Chaochek explained that the majority of loans were disbursed across various sectors: approximately 38% in retail trade, around 24% in housing, about 11% in transportation, roughly 8% for personal use, close to 5% in construction and real estate, and around 5% in agriculture.

“This year, we are more optimistic than in 2023 and we also hope to achieve much better growth than last year,” he emphasised.

Khim Samborothana, public relations manager at the Advanced Bank of Asia Ltd (ABA Bank), said the institution’s total assets reached $11.3 billion at the end of December 2023, up from $9 billion year-on-year. 

He said the bank’s outstanding loans increased to $7.7 billion in 2023, from $6.5 billion the previous year, while deposits reached $9 billion, up from $7.4 billion in 2022.

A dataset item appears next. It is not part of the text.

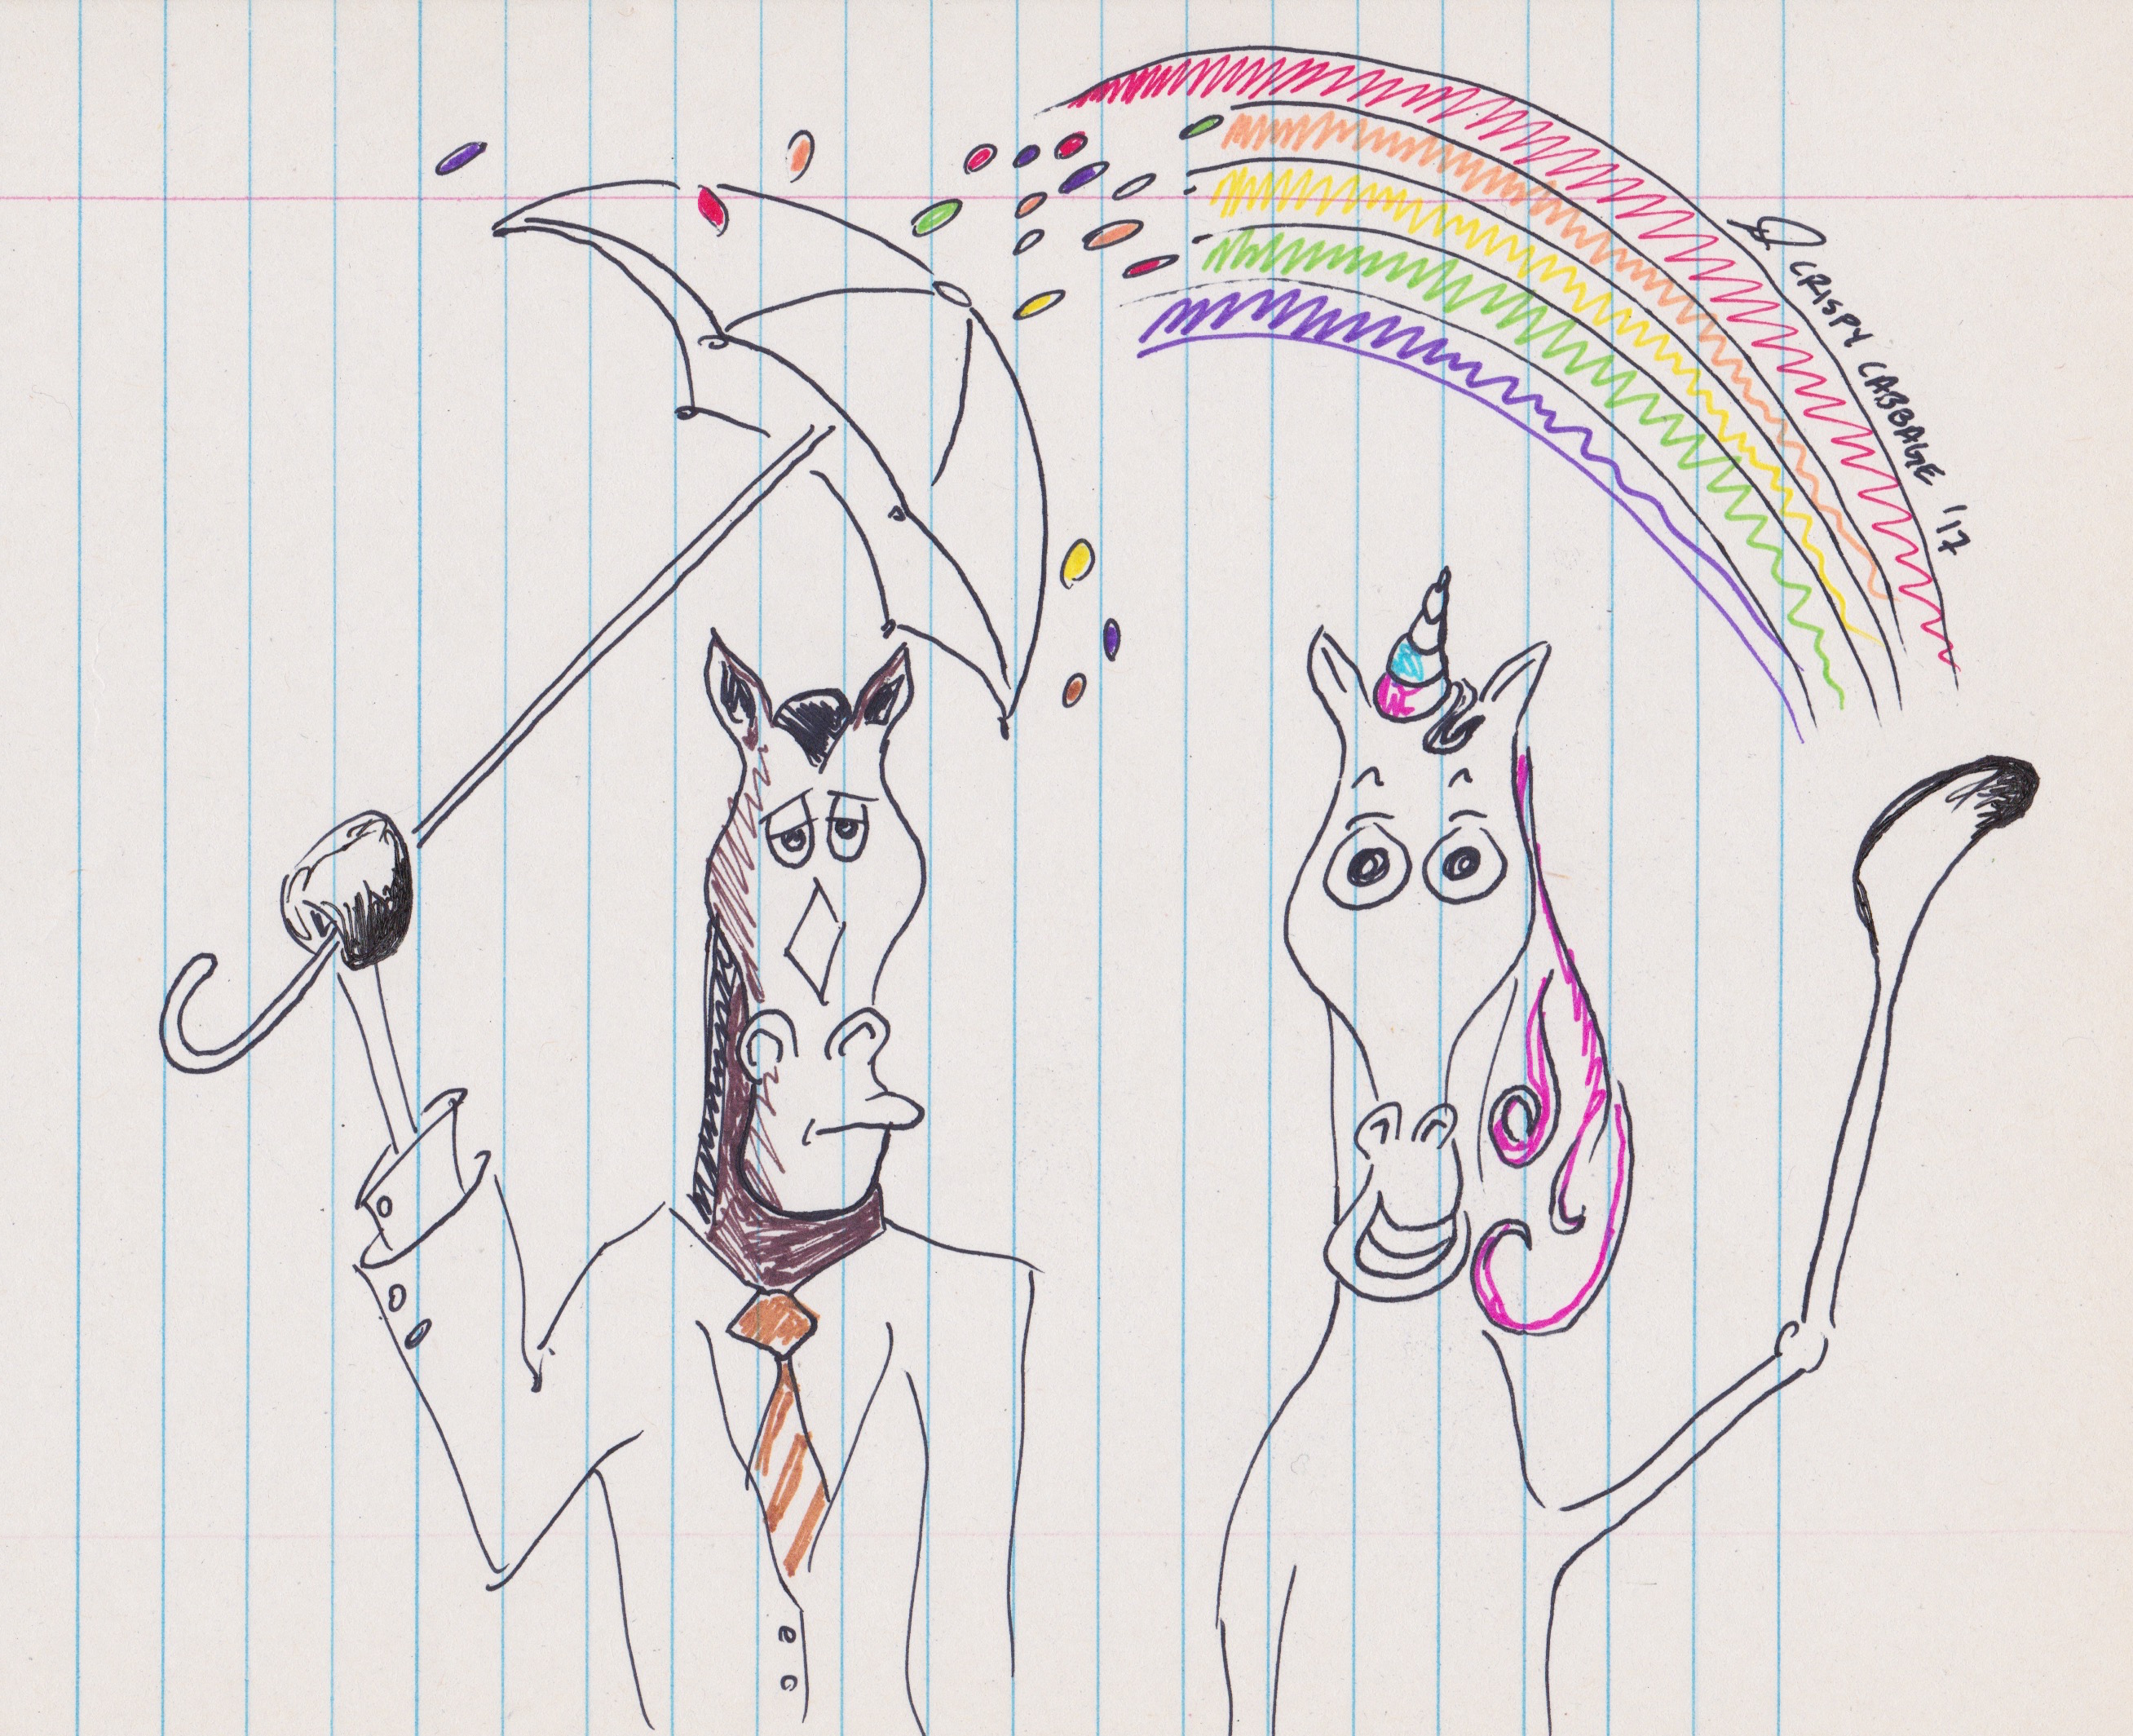 mr-horse-vs-gladys

“ABA Bank has consistently aimed to support customers from all sectors, from small business loans to commercial and corporate loans. We have dedicated teams to oversee and manage each segment with prudence. The main contribution to our growth comes from micro, small and medium enterprises [MSMEs], which we believe to be the backbone of the Cambodian economy,” he said.

“The criteria and policy for credit assessment are always maintained by our teams. During challenging times, we are even more vigilant in granting loans to customers, while simultaneously offering very suitable credit solutions to help the economy.

“We provide loans to new customers for business expansion and diversification and also offer favourable refinancing terms, especially competitive interest rates. All these factors help us grow our loan book,” he added.

Samborothana explained that the bank has not imposed any restrictions or mechanisms regarding loan proposals during these difficult times. He said the bank’s NPL rate remains impressively low at under 4%, demonstrating its responsible lending practices and effective risk management strategies.

On January 31, the International Monetary Fund (IMF) and the central bank projected the Kingdom’s economic growth for 2024 at 6.1% and 6.4% respectively, fuelled by recovery in the tourism and manufacturing sectors, while inflation is expected to be at 3% and 2.5% respectively.